→ Task requirements
Reproduce every record exactly as given.

Source material Start Marker

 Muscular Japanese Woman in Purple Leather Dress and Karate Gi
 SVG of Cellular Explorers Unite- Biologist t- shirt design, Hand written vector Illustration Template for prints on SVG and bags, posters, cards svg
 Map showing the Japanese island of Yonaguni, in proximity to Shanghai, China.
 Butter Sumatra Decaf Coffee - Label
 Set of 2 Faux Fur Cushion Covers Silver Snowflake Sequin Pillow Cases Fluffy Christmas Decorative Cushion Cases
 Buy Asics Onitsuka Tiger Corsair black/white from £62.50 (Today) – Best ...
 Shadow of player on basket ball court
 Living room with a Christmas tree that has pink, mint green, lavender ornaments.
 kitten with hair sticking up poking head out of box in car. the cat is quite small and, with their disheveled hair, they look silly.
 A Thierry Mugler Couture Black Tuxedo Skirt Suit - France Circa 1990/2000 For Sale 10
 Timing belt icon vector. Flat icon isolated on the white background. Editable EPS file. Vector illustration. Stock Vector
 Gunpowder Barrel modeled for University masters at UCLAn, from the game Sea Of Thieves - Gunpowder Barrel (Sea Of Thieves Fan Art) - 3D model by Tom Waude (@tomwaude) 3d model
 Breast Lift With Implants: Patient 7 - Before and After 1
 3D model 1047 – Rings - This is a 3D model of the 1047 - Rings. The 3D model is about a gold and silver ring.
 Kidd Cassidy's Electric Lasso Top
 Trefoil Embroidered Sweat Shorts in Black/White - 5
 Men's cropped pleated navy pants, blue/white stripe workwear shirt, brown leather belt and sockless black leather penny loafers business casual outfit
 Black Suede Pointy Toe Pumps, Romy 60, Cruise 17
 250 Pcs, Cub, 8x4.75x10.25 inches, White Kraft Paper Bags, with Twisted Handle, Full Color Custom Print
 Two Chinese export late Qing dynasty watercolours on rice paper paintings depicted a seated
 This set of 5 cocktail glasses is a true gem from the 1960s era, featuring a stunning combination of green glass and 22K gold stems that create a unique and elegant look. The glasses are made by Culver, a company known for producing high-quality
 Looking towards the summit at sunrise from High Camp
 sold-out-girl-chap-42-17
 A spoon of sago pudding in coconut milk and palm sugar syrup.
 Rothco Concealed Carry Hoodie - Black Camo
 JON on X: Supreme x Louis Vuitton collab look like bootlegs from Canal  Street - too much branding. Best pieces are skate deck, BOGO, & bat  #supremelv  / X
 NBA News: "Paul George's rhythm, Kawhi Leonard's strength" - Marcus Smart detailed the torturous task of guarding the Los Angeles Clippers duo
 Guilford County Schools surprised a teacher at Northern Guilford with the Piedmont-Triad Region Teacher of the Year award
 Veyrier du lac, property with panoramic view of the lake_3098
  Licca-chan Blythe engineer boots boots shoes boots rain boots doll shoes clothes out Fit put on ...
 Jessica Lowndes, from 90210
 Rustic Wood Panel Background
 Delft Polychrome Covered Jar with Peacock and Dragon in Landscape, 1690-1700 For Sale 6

Source material End Marker

→ Exercise answer
 Muscular Japanese Woman in Purple Leather Dress and Karate Gi
 SVG of Cellular Explorers Unite- Biologist t- shirt design, Hand written vector Illustration Template for prints on SVG and bags, posters, cards svg
 Map showing the Japanese island of Yonaguni, in proximity to Shanghai, China.
 Butter Sumatra Decaf Coffee - Label
 Set of 2 Faux Fur Cushion Covers Silver Snowflake Sequin Pillow Cases Fluffy Christmas Decorative Cushion Cases
 Buy Asics Onitsuka Tiger Corsair black/white from £62.50 (Today) – Best ...
 Shadow of player on basket ball court
 Living room with a Christmas tree that has pink, mint green, lavender ornaments.
 kitten with hair sticking up poking head out of box in car. the cat is quite small and, with their disheveled hair, they look silly.
 A Thierry Mugler Couture Black Tuxedo Skirt Suit - France Circa 1990/2000 For Sale 10
 Timing belt icon vector. Flat icon isolated on the white background. Editable EPS file. Vector illustration. Stock Vector
 Gunpowder Barrel modeled for University masters at UCLAn, from the game Sea Of Thieves - Gunpowder Barrel (Sea Of Thieves Fan Art) - 3D model by Tom Waude (@tomwaude) 3d model
 Breast Lift With Implants: Patient 7 - Before and After 1
 3D model 1047 – Rings - This is a 3D model of the 1047 - Rings. The 3D model is about a gold and silver ring.
 Kidd Cassidy's Electric Lasso Top
 Trefoil Embroidered Sweat Shorts in Black/White - 5
 Men's cropped pleated navy pants, blue/white stripe workwear shirt, brown leather belt and sockless black leather penny loafers business casual outfit
 Black Suede Pointy Toe Pumps, Romy 60, Cruise 17
 250 Pcs, Cub, 8x4.75x10.25 inches, White Kraft Paper Bags, with Twisted Handle, Full Color Custom Print
 Two Chinese export late Qing dynasty watercolours on rice paper paintings depicted a seated
 This set of 5 cocktail glasses is a true gem from the 1960s era, featuring a stunning combination of green glass and 22K gold stems that create a unique and elegant look. The glasses are made by Culver, a company known for producing high-quality
 Looking towards the summit at sunrise from High Camp
 sold-out-girl-chap-42-17
 A spoon of sago pudding in coconut milk and palm sugar syrup.
 Rothco Concealed Carry Hoodie - Black Camo
 JON on X: Supreme x Louis Vuitton collab look like bootlegs from Canal  Street - too much branding. Best pieces are skate deck, BOGO, & bat  #supremelv  / X
 NBA News: "Paul George's rhythm, Kawhi Leonard's strength" - Marcus Smart detailed the torturous task of guarding the Los Angeles Clippers duo
 Guilford County Schools surprised a teacher at Northern Guilford with the Piedmont-Triad Region Teacher of the Year award
 Veyrier du lac, property with panoramic view of the lake_3098
  Licca-chan Blythe engineer boots boots shoes boots rain boots doll shoes clothes out Fit put on ...
 Jessica Lowndes, from 90210
 Rustic Wood Panel Background
 Delft Polychrome Covered Jar with Peacock and Dragon in Landscape, 1690-1700 For Sale 6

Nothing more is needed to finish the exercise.